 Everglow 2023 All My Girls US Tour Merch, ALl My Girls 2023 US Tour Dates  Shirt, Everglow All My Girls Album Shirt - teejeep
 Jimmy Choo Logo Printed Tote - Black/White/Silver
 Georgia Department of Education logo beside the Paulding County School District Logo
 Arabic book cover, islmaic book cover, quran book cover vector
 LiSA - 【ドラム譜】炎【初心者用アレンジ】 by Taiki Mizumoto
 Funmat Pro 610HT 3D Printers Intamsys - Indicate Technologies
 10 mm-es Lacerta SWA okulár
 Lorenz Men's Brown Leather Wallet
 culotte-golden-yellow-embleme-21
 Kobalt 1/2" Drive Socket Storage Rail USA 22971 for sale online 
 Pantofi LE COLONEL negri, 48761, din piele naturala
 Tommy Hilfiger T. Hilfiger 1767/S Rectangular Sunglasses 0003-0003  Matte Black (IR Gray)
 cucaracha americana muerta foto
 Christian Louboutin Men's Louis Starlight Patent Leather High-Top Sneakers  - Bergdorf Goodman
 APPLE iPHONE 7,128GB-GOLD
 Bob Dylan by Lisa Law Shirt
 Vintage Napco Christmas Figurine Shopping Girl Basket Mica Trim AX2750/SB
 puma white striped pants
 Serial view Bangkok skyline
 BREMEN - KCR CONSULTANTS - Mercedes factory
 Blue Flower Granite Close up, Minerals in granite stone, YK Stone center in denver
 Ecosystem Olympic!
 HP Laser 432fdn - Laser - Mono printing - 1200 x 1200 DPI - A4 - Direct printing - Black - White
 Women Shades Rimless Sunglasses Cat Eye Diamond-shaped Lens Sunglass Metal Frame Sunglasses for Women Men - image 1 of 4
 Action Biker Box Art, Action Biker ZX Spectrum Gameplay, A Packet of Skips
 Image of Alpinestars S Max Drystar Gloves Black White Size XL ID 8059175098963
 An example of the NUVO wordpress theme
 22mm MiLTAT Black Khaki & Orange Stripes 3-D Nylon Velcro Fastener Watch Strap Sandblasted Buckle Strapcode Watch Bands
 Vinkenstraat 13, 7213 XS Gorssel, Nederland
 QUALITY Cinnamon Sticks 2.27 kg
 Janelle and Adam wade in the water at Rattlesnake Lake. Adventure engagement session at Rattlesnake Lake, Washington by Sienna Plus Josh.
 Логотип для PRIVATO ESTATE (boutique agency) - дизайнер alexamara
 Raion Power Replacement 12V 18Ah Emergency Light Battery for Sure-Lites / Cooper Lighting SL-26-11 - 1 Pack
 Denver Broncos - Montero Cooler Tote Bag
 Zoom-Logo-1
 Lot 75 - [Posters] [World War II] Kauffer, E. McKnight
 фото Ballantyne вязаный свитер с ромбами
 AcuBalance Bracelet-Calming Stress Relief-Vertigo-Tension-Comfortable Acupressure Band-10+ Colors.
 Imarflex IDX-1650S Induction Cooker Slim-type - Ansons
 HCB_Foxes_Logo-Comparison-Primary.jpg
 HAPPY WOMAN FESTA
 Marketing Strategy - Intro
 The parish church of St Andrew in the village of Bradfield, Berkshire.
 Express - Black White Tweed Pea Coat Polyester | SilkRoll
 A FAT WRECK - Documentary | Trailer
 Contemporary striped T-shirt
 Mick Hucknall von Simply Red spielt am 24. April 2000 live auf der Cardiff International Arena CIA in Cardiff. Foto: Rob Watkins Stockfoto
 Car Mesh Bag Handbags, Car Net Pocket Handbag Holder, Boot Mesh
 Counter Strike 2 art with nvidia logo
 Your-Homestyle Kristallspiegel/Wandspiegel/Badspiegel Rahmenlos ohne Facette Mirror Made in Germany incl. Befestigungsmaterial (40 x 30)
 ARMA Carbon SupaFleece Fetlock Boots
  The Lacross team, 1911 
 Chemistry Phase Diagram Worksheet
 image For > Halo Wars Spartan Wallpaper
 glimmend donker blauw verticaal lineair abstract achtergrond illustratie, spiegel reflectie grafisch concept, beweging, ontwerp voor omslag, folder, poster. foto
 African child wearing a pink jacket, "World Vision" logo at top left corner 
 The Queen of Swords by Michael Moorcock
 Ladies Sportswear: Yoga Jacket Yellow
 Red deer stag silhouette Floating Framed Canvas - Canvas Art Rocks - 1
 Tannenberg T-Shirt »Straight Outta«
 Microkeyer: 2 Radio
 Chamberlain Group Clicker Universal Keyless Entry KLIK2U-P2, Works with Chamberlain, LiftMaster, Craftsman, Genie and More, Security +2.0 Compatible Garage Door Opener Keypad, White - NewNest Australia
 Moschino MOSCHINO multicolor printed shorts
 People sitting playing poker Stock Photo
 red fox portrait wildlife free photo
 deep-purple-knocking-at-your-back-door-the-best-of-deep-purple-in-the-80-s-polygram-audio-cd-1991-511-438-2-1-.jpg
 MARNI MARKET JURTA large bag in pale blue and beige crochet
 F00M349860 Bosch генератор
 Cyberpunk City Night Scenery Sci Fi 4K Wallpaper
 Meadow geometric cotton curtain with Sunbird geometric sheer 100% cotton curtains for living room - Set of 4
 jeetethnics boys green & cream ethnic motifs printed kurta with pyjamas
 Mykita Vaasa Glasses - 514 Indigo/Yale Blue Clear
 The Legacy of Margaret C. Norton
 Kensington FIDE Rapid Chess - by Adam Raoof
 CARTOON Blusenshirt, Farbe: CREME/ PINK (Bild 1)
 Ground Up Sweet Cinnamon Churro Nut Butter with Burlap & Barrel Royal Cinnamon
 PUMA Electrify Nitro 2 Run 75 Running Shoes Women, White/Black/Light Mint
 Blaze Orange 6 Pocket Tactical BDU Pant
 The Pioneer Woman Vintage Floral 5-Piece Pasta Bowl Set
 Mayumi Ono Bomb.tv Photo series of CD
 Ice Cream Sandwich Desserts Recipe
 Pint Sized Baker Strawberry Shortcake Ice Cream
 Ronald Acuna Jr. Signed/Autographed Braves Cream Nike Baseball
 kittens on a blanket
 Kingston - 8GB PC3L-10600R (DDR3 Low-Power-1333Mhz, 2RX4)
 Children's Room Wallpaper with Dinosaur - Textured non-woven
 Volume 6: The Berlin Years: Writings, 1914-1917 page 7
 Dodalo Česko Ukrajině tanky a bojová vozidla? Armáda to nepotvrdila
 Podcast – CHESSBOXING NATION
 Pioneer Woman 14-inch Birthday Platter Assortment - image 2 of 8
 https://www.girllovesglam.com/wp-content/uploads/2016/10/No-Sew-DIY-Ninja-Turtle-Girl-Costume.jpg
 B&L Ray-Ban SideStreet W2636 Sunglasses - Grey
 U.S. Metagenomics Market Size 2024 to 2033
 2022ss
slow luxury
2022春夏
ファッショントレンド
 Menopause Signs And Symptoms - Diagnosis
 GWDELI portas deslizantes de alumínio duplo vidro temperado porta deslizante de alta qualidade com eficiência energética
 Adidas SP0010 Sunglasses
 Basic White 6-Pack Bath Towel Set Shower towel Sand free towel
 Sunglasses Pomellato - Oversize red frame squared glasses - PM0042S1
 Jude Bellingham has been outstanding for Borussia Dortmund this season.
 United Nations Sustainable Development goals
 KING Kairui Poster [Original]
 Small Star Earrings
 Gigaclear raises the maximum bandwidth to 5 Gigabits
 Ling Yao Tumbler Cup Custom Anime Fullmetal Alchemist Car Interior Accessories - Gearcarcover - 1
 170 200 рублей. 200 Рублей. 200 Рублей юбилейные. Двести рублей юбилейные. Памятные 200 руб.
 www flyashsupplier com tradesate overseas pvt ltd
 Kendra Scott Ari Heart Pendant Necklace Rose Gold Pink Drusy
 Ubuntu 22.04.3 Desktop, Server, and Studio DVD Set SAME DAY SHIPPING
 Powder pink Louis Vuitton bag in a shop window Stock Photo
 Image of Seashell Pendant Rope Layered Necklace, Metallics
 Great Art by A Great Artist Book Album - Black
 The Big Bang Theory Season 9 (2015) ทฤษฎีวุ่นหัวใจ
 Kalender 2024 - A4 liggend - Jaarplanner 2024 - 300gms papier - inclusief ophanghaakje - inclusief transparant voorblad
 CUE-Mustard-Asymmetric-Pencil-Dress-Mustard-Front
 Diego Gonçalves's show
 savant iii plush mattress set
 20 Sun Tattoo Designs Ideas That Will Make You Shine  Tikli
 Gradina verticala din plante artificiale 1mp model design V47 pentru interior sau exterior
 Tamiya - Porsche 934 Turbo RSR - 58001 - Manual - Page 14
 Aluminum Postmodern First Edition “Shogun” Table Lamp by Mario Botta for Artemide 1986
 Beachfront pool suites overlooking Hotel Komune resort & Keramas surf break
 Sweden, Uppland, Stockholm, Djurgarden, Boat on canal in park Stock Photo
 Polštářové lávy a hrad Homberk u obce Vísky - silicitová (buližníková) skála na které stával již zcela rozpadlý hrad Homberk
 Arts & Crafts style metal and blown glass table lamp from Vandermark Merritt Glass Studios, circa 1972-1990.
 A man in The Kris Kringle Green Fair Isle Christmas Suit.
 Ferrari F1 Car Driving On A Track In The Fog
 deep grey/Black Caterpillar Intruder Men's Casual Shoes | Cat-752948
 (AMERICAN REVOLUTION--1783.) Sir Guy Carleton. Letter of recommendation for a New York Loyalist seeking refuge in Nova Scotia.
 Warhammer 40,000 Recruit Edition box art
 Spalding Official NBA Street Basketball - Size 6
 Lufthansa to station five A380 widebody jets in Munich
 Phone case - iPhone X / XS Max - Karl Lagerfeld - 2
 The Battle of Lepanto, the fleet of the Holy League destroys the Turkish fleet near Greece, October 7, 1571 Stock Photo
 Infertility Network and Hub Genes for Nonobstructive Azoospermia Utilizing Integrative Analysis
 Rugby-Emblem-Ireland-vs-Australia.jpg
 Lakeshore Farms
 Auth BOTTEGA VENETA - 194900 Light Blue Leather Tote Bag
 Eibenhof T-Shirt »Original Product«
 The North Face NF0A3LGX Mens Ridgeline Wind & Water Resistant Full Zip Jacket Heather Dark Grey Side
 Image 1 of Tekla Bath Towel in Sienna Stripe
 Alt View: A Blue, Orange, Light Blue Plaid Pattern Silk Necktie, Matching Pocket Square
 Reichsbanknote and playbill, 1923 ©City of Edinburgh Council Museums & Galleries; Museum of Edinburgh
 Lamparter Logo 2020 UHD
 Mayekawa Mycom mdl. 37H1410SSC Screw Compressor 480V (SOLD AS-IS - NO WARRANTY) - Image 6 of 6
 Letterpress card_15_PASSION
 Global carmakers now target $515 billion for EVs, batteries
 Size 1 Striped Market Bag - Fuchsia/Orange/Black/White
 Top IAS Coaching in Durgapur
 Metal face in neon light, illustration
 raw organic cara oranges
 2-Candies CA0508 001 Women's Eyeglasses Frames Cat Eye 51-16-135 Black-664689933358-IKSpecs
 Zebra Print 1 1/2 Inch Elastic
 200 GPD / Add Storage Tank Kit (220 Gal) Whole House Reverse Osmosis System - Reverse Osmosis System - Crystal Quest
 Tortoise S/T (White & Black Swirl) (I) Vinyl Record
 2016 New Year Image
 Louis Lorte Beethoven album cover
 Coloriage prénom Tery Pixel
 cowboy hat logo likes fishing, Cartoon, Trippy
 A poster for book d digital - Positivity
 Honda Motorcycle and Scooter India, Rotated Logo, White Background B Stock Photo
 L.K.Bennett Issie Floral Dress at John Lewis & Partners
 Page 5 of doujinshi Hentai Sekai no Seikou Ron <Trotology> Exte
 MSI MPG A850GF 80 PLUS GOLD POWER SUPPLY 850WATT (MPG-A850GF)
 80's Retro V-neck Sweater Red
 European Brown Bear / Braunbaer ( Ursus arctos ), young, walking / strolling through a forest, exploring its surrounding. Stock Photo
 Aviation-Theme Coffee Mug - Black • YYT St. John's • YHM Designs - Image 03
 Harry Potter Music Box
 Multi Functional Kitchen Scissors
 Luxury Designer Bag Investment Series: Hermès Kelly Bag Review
━━━━
* **Task**
Lines to set down from above: the line with "People sitting playing poker Stock Photo", the line with "Sunglasses Pomellato - Oversize", and every line between, each exactly as written.

* **Output**
 People sitting playing poker Stock Photo
 red fox portrait wildlife free photo
 deep-purple-knocking-at-your-back-door-the-best-of-deep-purple-in-the-80-s-polygram-audio-cd-1991-511-438-2-1-.jpg
 MARNI MARKET JURTA large bag in pale blue and beige crochet
 F00M349860 Bosch генератор
 Cyberpunk City Night Scenery Sci Fi 4K Wallpaper
 Meadow geometric cotton curtain with Sunbird geometric sheer 100% cotton curtains for living room - Set of 4
 jeetethnics boys green & cream ethnic motifs printed kurta with pyjamas
 Mykita Vaasa Glasses - 514 Indigo/Yale Blue Clear
 The Legacy of Margaret C. Norton
 Kensington FIDE Rapid Chess - by Adam Raoof
 CARTOON Blusenshirt, Farbe: CREME/ PINK (Bild 1)
 Ground Up Sweet Cinnamon Churro Nut Butter with Burlap & Barrel Royal Cinnamon
 PUMA Electrify Nitro 2 Run 75 Running Shoes Women, White/Black/Light Mint
 Blaze Orange 6 Pocket Tactical BDU Pant
 The Pioneer Woman Vintage Floral 5-Piece Pasta Bowl Set
 Mayumi Ono Bomb.tv Photo series of CD
 Ice Cream Sandwich Desserts Recipe
 Pint Sized Baker Strawberry Shortcake Ice Cream
 Ronald Acuna Jr. Signed/Autographed Braves Cream Nike Baseball
 kittens on a blanket
 Kingston - 8GB PC3L-10600R (DDR3 Low-Power-1333Mhz, 2RX4)
 Children's Room Wallpaper with Dinosaur - Textured non-woven
 Volume 6: The Berlin Years: Writings, 1914-1917 page 7
 Dodalo Česko Ukrajině tanky a bojová vozidla? Armáda to nepotvrdila
 Podcast – CHESSBOXING NATION
 Pioneer Woman 14-inch Birthday Platter Assortment - image 2 of 8
 https://www.girllovesglam.com/wp-content/uploads/2016/10/No-Sew-DIY-Ninja-Turtle-Girl-Costume.jpg
 B&L Ray-Ban SideStreet W2636 Sunglasses - Grey
 U.S. Metagenomics Market Size 2024 to 2033
 2022ss
slow luxury
2022春夏
ファッショントレンド
 Menopause Signs And Symptoms - Diagnosis
 GWDELI portas deslizantes de alumínio duplo vidro temperado porta deslizante de alta qualidade com eficiência energética
 Adidas SP0010 Sunglasses
 Basic White 6-Pack Bath Towel Set Shower towel Sand free towel
 Sunglasses Pomellato - Oversize red frame squared glasses - PM0042S1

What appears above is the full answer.